Parnas on Modularity
Table of Contents
Intro
For long time I wanted to dive into the ideas from David Parnas’s influential paper On the Criteria to be Used in Decomposing Systems into Modules. Paper gave birth of information hiding principle. The idea is simple and powerful although examples were hard to understand in modern engineering landscape. My goal is to explain the original paper in a approachable way and show that principles defined in 1972 are up to date in 2025.
The need for modules
Modules are known method of code organization. They are work assignment containers with clear reason to exist. Modular software has tangible benefits over blob of messy code. The importance of modules grows with the size of the system. Modular sofware have three main benefits:
- Project management – development time is shortened because people don’t step on each other’s shoes.

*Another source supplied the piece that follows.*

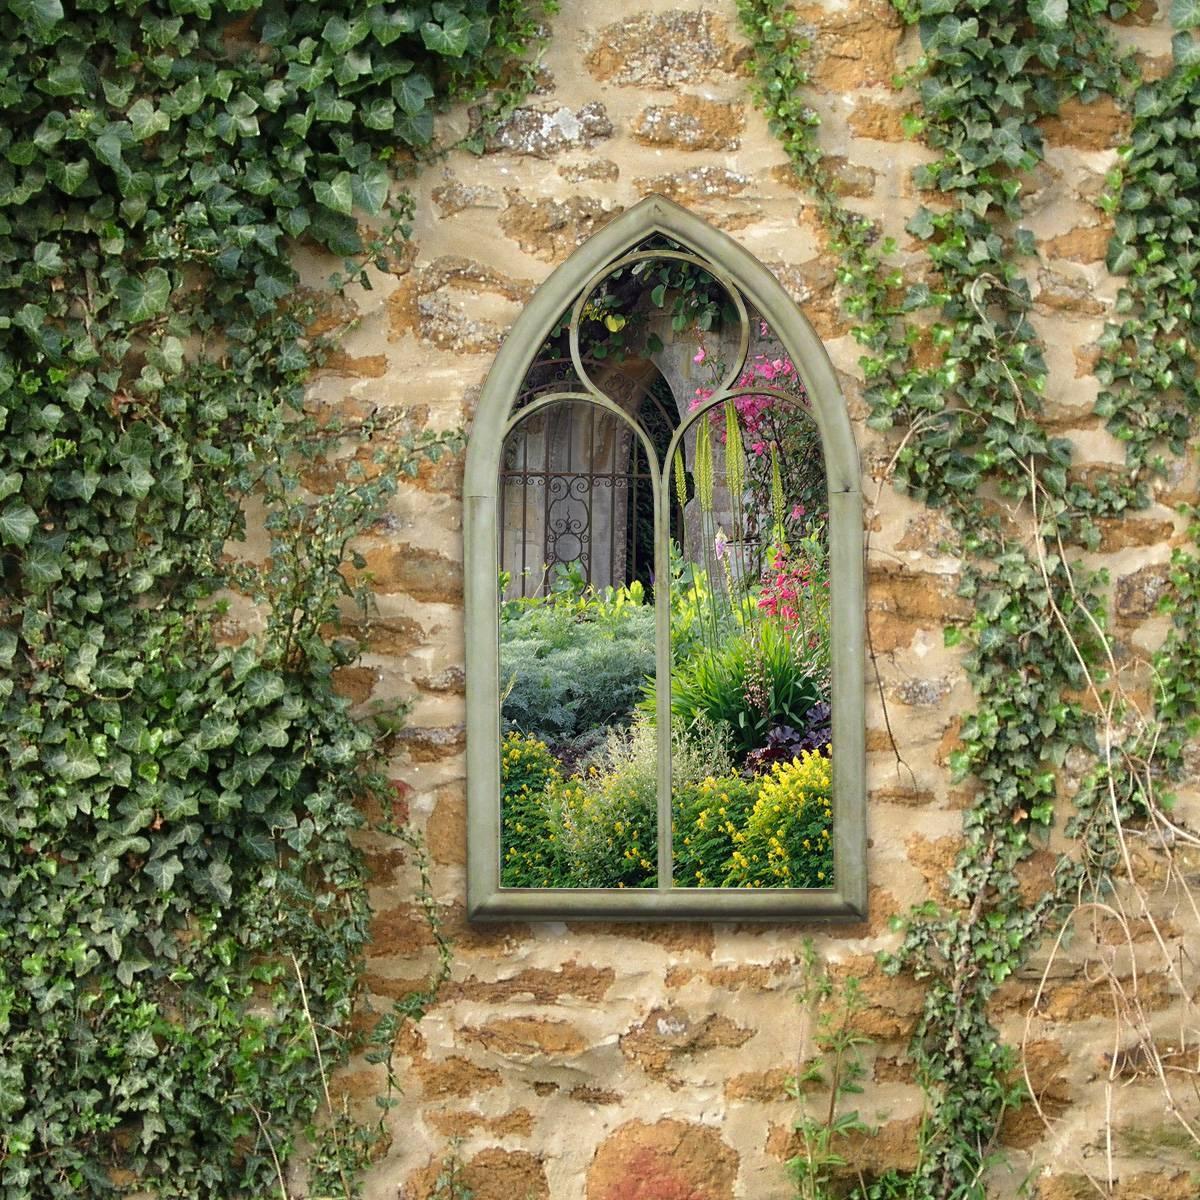 Charles Bentley Chapel Garden Mirror - Charles Bentley inside Gothic Garden Mirrors (Image 6 of 15)

- Product flexibility – single module can change in isolation without impact on other modules.
- Comprehensibility – modules with clear responsibilities and contained functionality are easier to understand.
Those benefits are desired by software engineers but having modules
in a system is not enough. There are many ways to decompose a system into modules but only some have benefits. Let’s look into original example from paper to understand it better.
Two very different modularizations of the same system.
Key Word in Context Index
Imagine yourself searching for a word in index to learn all possible usages. This is exactly how Key Word in Context (KWIC) Index looks like. It contains all of the words for all of the lines in a text.
KWIC can be calculated with an algorithm that iterates over all of the lines from text. Each line is shifted circularly by repeatedly removing the first word and appending it to the end. Then all shifts are sorted alphabetically. Computed shifted lines are reordered to preserve context.
The final index is in the form of word: list of lines containing word
. The result of KWIC indexing will be larger than the original text. Below you can see an example sentence iterated to form a KWIC index.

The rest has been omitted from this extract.